According to internet lore, behind every meme is a person trying to make somebody laugh. Anuj Nakade is such a person. In a cafe in Pune’s Kalyani Nagar, Nakade is trying to connect his laptop to the wi-fi. “Do you want to go to the junkyard? I won’t budge,” he tells it. The machine yields. Nakade, 22, disappears in it. A student of psychology at Symbiosis, he is also a meme-maker and curator of a series of exhibitions in Goa, titled “Meme Regime”, which explore the importance of memes. Organised by Pune-based TIFA Working Studios, the exhibition will end on May 22. Excerpts from a conversation with Nakade:
How do you define a meme?
The word goes back to 1976. Richard Dawkins coined it because he couldn’t find a term for a trope that travels from society to society but without genetic information, such as cultural information. From a historical perspective, meme is the most amplified and accessible art form ever. There is no aesthetic or structural restriction and platforms and audiences are readily available in a way that has not happened for an art form before. The fact that memes are not serious but we are doing it seriously is a joke. There are deep-fried memes (memes in which a photo or screenshot is passed through so many filters that the original image and its meaning becomes blurred) that are not funny at all.
What have been some of the great memes recently?

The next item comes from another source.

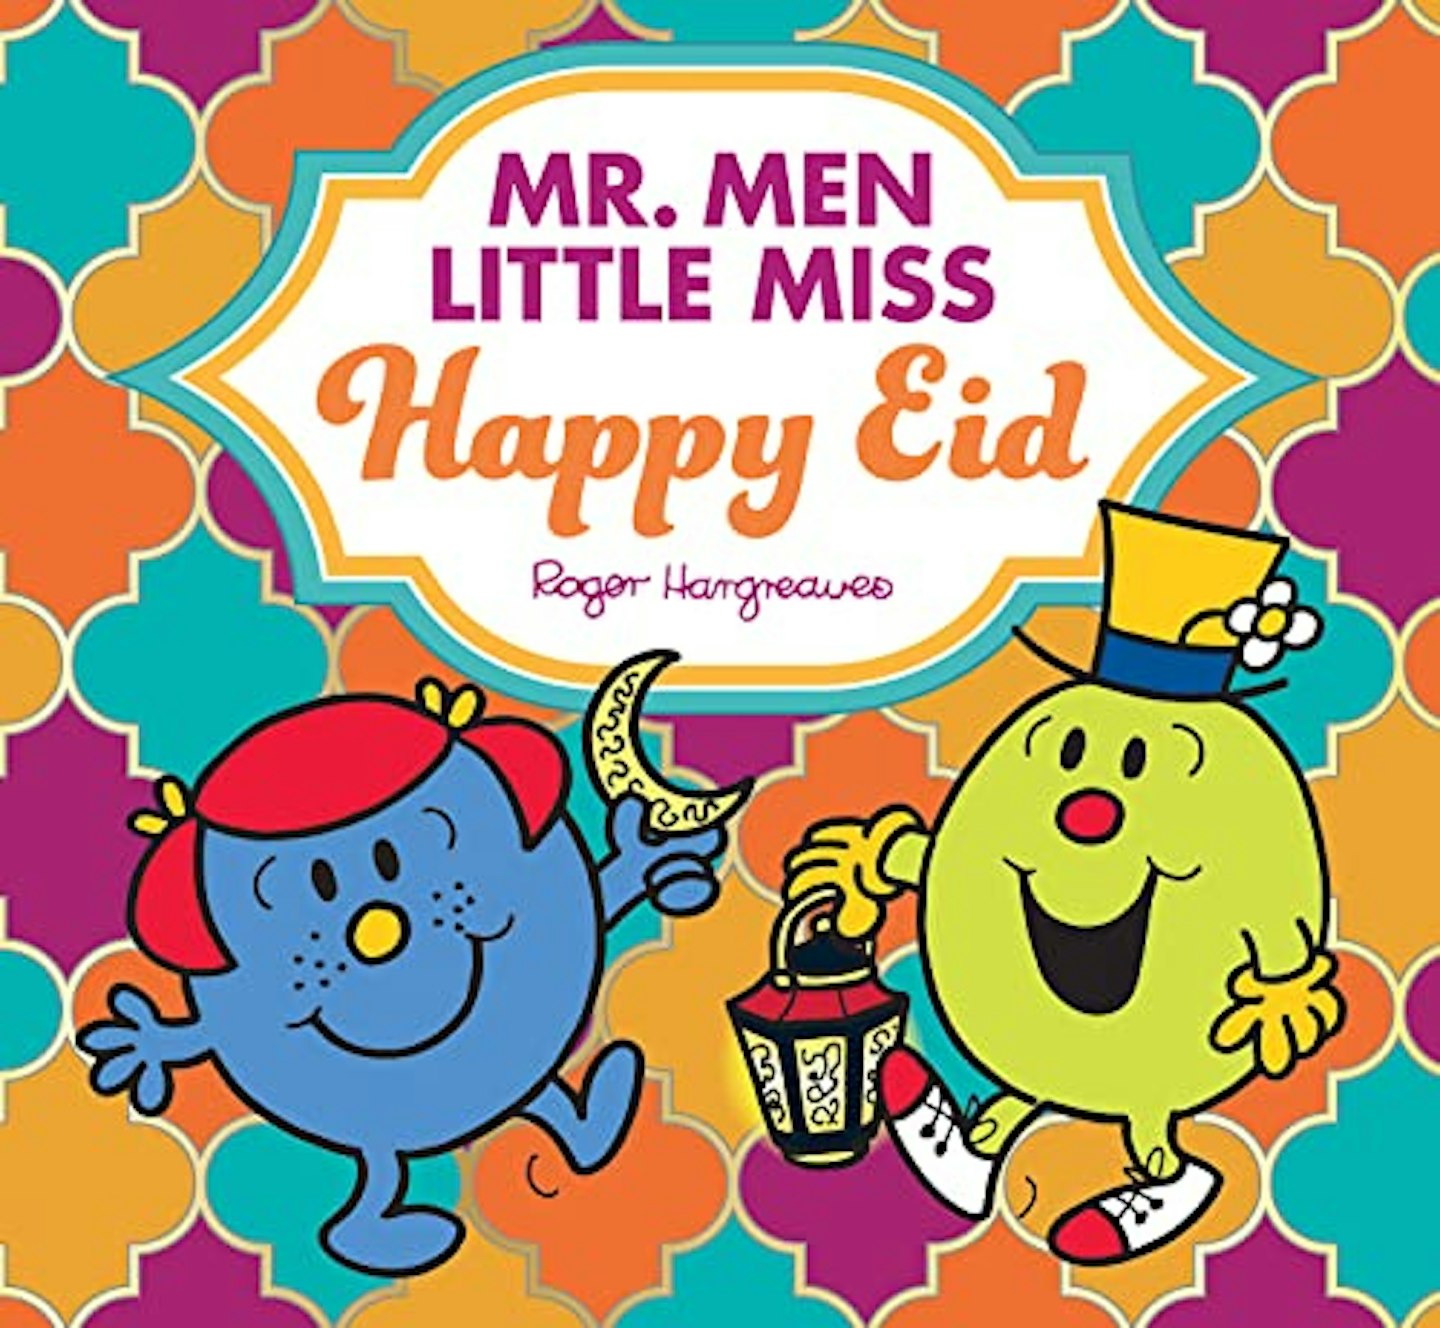 Little Men and Little Miss Happy Eid by Adam Hargreaves

Last year, we had several great memes, such as E. It is the face of Markiplier (a YouTuber) plastered on Farquaad, the villain from Shrek, and he is saying E, and that’s it. It is an anti-joke. You don’t want older people to get your joke, that’s why you meme. Cat memes have always been around. In India, there’s Gutka Boy. He is talking about how he will be the PM and make girlfriends mandatory for everybody and so on. It is important to note that 70 percent of the memes we consume are without knowing who made them.
When did you begin?
I have been around since 2007. The entry-level meme I had was Doge. It was based on a Shiba Inu dog, whose picture somebody had posted on the internet. I put a chef’s hat on a Doge and wrote ‘Onion-cut much fry wow’ in colourful text over the picture because I thought it was funny and it got hundreds of likes. You need one initiation meme and then you are sucked in and it is like a spiral. Initially, I used to share memes on Facebook but, eventually, moved on to sites such as Reddit.
What explains the popularity of memes?
One of the reasons for the popularity of memes is the information overload. The kids know too much for their age. All information is given by the internet and there is no room to grow psychologically. There’s a meme called Doomer Boomer Zoomer Bloomer. A Boomer and a Bloomer are, respectively, an extremely old or an extremely young person. They stay happy and give benign advice to people, such as ‘Stay Happy’. Then, there are people who know that some things are not in your control, such as the way you feel. If this makes you sad, you are a Doomer and if it makes you happy, you are a Bloomer.
What does the exhibition “Meme Regime” feature?
One of the aims of the exhibition is to set a precedent for memes to be recognised as a legitimate art form. There is a curatorial walk, where visual and audio aspects of memes are explained, from the old jokes to historical landmarks. We have also organised talks about ‘memesters’ (people who make memes) and Q&A sessions.
What is the lifetime of a meme?
There are different tiers in memes. A Tier II to Tier III meme is one that will live around a month. A Tier IV is one that will die quickly — a week is what I will give it. There are super memes, which are relevant at a particular time, such as the (American YouTube star) James Charles’ scandal at present. Game of Thrones and Avengers will always have memes. Spongebob, Minecraft and Halo memes will come and go but not disappear.